- [Work instructions] Transcribe the data below verbatim from the line with "Garmin Dash Cam" to the line with "homme afro-américain souriant". Include both of those lines.

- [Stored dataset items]
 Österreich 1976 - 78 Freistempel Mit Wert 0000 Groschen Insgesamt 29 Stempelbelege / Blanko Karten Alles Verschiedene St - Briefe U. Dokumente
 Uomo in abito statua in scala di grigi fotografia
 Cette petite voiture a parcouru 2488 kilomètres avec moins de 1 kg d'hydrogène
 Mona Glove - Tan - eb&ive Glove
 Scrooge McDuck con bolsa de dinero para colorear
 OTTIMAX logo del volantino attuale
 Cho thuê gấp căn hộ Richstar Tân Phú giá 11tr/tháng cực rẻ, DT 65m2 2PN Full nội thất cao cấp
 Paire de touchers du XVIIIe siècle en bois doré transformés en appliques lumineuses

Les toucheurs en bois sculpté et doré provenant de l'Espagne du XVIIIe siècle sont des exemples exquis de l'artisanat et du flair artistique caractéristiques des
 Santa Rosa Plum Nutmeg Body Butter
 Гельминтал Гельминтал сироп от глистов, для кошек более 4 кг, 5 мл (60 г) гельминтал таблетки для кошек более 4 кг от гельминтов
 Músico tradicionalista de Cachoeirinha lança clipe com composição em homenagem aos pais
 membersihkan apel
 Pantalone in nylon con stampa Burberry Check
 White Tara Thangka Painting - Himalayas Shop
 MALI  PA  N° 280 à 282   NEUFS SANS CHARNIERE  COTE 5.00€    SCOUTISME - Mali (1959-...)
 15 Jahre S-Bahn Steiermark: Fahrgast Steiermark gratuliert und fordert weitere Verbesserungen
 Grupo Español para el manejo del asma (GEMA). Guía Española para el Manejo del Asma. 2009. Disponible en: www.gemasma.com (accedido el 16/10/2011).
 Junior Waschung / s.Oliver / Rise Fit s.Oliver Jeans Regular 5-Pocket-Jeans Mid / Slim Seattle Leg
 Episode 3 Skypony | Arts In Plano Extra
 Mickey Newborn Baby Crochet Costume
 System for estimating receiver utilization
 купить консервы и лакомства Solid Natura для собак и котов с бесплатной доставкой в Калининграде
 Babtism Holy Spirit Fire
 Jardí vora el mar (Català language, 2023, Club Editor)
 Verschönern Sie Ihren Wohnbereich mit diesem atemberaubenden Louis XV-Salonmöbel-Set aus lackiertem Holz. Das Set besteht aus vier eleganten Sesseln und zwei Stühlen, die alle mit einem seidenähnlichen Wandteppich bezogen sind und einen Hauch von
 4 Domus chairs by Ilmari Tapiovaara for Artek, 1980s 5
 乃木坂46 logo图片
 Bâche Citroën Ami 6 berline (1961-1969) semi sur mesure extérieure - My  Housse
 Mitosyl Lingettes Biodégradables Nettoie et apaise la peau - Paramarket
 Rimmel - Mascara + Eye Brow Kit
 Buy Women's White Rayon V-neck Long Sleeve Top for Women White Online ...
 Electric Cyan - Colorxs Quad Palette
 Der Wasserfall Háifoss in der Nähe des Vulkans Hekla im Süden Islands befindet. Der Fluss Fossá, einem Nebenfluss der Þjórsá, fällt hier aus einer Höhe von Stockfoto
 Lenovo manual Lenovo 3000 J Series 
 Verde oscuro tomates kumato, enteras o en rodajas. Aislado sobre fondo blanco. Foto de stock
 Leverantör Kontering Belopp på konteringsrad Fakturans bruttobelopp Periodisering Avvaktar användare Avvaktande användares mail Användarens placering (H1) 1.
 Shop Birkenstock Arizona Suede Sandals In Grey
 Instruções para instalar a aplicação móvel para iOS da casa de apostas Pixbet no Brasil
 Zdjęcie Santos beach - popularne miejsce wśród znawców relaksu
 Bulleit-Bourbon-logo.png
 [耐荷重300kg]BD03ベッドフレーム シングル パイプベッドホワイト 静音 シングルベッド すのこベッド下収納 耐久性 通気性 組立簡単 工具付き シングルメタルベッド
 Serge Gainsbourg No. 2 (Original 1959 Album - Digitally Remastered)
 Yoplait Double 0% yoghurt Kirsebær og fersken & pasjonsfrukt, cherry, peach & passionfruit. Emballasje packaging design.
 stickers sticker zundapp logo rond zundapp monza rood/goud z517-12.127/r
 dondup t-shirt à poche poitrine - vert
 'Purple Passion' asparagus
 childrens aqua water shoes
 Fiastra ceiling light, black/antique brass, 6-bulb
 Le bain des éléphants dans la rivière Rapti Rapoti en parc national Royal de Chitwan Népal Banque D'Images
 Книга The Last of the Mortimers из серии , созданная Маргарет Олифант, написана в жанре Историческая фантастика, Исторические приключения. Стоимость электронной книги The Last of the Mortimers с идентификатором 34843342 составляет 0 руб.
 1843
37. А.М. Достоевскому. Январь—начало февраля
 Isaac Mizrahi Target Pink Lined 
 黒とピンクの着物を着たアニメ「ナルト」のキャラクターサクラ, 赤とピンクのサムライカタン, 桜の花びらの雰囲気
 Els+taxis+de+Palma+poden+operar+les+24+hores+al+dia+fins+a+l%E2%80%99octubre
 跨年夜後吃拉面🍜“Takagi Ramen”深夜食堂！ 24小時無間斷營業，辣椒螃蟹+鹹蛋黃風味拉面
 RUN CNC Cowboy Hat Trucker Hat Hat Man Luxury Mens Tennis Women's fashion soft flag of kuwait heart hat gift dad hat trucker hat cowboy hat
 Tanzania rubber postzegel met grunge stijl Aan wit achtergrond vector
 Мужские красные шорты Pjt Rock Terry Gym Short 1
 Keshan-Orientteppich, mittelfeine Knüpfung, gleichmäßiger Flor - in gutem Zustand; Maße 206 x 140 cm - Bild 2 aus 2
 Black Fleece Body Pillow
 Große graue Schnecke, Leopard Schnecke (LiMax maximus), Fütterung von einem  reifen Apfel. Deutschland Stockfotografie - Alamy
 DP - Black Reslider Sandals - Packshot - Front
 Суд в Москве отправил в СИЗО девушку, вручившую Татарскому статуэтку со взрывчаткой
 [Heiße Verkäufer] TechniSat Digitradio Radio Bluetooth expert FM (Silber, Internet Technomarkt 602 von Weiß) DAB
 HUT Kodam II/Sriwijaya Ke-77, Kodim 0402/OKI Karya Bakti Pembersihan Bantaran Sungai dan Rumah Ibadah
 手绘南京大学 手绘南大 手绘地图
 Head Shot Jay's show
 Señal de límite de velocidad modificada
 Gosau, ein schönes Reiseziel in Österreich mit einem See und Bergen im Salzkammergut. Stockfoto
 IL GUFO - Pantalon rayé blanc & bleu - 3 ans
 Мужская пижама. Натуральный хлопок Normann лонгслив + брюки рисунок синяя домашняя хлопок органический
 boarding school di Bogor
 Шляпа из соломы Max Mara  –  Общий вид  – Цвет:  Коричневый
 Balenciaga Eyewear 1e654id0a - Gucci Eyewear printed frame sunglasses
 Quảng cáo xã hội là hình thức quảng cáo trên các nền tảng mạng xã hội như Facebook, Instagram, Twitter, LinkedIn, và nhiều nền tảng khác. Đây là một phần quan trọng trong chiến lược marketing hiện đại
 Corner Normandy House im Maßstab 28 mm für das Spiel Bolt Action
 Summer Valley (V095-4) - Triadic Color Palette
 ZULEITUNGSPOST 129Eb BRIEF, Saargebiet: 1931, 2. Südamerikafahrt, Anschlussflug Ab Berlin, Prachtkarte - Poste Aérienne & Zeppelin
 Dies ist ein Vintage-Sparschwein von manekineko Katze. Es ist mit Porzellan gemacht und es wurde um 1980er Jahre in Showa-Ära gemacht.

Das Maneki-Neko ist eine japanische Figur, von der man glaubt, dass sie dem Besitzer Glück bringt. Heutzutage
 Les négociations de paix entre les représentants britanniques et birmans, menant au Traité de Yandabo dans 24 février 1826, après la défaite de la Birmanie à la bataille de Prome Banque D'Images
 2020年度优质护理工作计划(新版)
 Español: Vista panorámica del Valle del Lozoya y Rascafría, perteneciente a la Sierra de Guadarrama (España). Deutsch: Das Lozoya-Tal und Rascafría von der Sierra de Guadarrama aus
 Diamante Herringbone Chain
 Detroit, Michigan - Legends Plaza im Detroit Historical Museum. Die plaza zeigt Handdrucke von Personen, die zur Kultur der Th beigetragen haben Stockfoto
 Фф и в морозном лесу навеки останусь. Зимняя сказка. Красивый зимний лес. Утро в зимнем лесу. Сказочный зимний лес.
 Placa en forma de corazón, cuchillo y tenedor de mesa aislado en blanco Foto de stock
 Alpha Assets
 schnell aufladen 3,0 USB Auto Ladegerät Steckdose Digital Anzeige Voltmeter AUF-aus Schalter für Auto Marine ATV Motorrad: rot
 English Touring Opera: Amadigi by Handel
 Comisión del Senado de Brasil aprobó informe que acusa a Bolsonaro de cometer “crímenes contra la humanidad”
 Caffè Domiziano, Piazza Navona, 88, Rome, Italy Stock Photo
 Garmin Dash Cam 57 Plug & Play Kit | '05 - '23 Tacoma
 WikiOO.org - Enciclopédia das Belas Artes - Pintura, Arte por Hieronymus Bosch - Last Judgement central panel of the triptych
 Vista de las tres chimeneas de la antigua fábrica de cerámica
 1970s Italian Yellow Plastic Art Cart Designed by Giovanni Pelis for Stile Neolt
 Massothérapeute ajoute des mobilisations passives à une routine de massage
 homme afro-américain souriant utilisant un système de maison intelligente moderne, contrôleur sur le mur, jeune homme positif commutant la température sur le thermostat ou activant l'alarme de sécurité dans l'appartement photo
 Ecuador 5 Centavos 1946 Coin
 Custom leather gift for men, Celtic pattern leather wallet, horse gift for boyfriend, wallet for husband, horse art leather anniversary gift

- [Exercise solution]
 Garmin Dash Cam 57 Plug & Play Kit | '05 - '23 Tacoma
 WikiOO.org - Enciclopédia das Belas Artes - Pintura, Arte por Hieronymus Bosch - Last Judgement central panel of the triptych
 Vista de las tres chimeneas de la antigua fábrica de cerámica
 1970s Italian Yellow Plastic Art Cart Designed by Giovanni Pelis for Stile Neolt
 Massothérapeute ajoute des mobilisations passives à une routine de massage
 homme afro-américain souriant utilisant un système de maison intelligente moderne, contrôleur sur le mur, jeune homme positif commutant la température sur le thermostat ou activant l'alarme de sécurité dans l'appartement photo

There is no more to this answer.